At this point I’m not too bothered if it’s a good or bad beer, just want to have all the styles ticked.
We do get some Svyturys beers over here, and although I haven’t seen that one I will actually keep a look out for it. I hadn’t even considered European examples.

@cgarvieuk Ha, I’d completely forgotten about that, no worries though! Let me know if you’re able to get hold of malt bomb. If it’s not online and you don’t mind sending a bottle down to me I’ll certainly send up some fresh Deya beers your way as thanks :slight_smile:

I have had US examples including Port City’s Tartan Ale, Brooklyn Winter Ale, and Three Floyds Robert the Bruce are all bottled.

I was also going to suggest Brooklyn Winter Ale as a possibility. I got that from the Canterbury Bottle Shop, they don’t seem to be stocking it at present but it might be worth looking at other online me retailers for it.

I got one of these in a lincoln supermarket. Their stock changes regularly, but happy to pick one up tomorrow, weather permitting, if they have it.

This is pretty funny because you’re actually over in the old country and a so called Scottish is an American creation!

You’d think a real, so-called, Scottish would be easy to come by in the old UK!


Scottish Ales are often categorized wrongly. No matter what this style is really about, according to the ratebeer style descriptions, it should be clear that wee heavys are Scotch Ales and nothing else.

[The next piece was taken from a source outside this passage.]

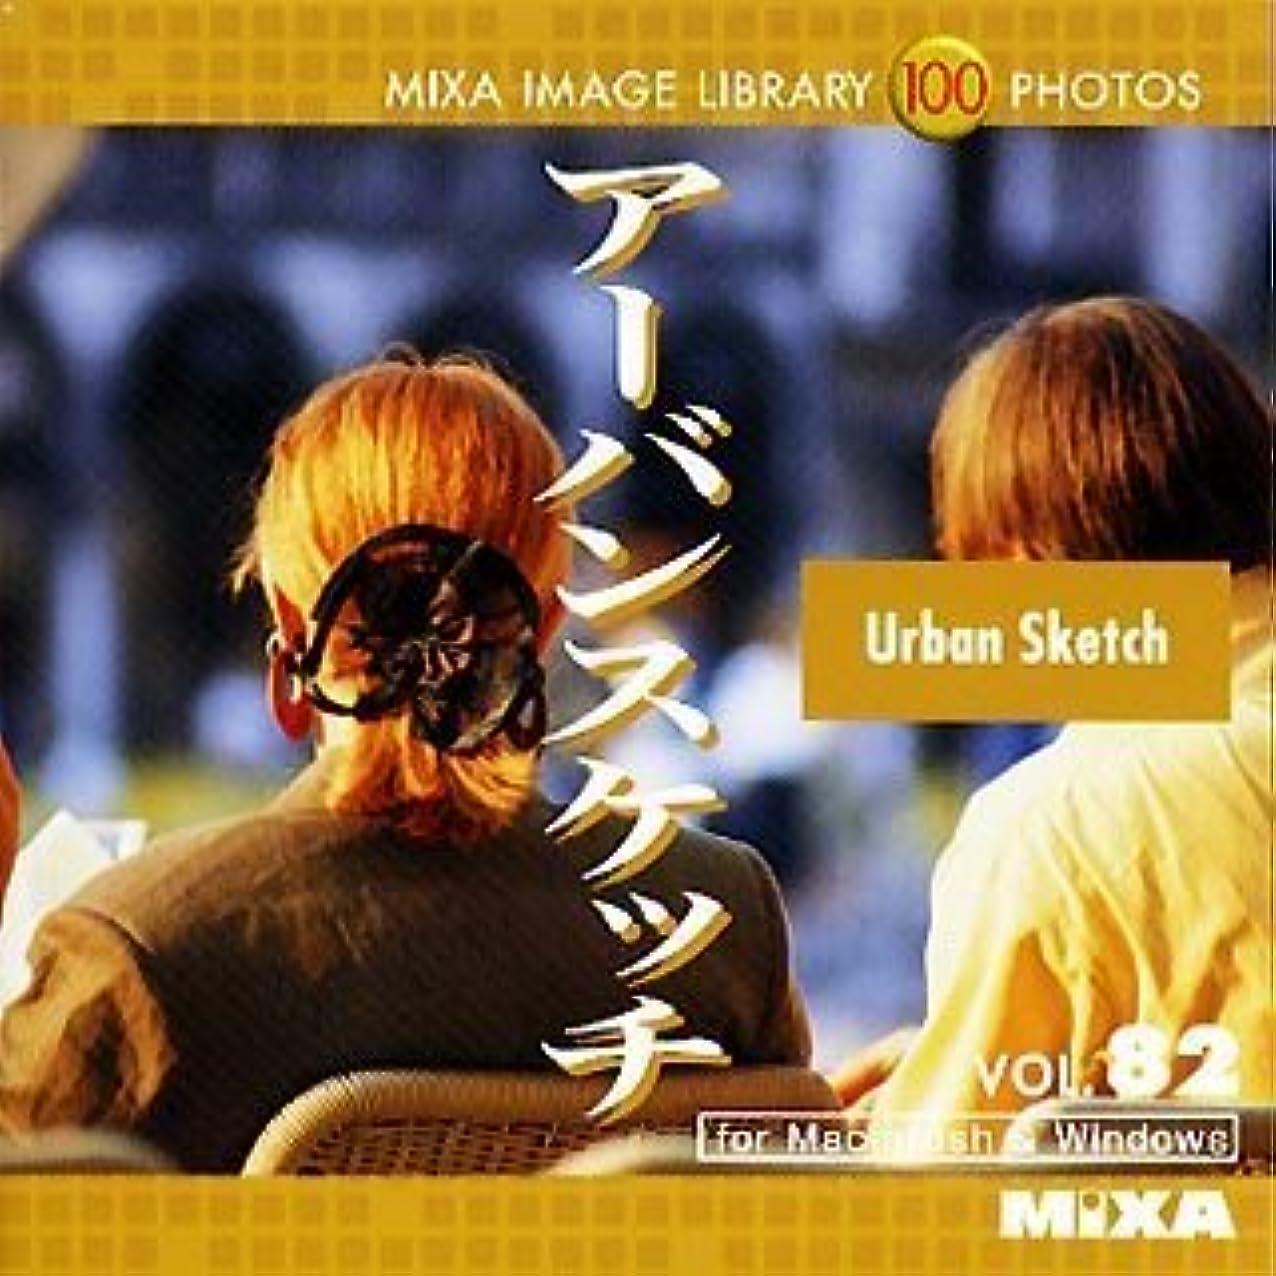 レンディション吹きさらし立派なMIXA IMAGE LIBRARY Vol.82 アーバンスケッチ

On the other hand, brewers often call their beers Scottish Ales while the beer itself is actually a Scotch Ale, either because the brewer doesn’t know shit about the distinction of both styles (on ratebeer at least) or because they don’t give a fuck. A good example is this one, a 12.2% abv bomb classified as Scottish Ale:

I often have the impression that even admins on ratebeer don’t really get the distinction right, but I think that style descriptions are clear enough that only beers in between those styles provide for some wiggle room.

Scottish on RB is just a mild friendly shadow of a real Scotch. Its well behaved and easy to take compared to the kick ass real thing.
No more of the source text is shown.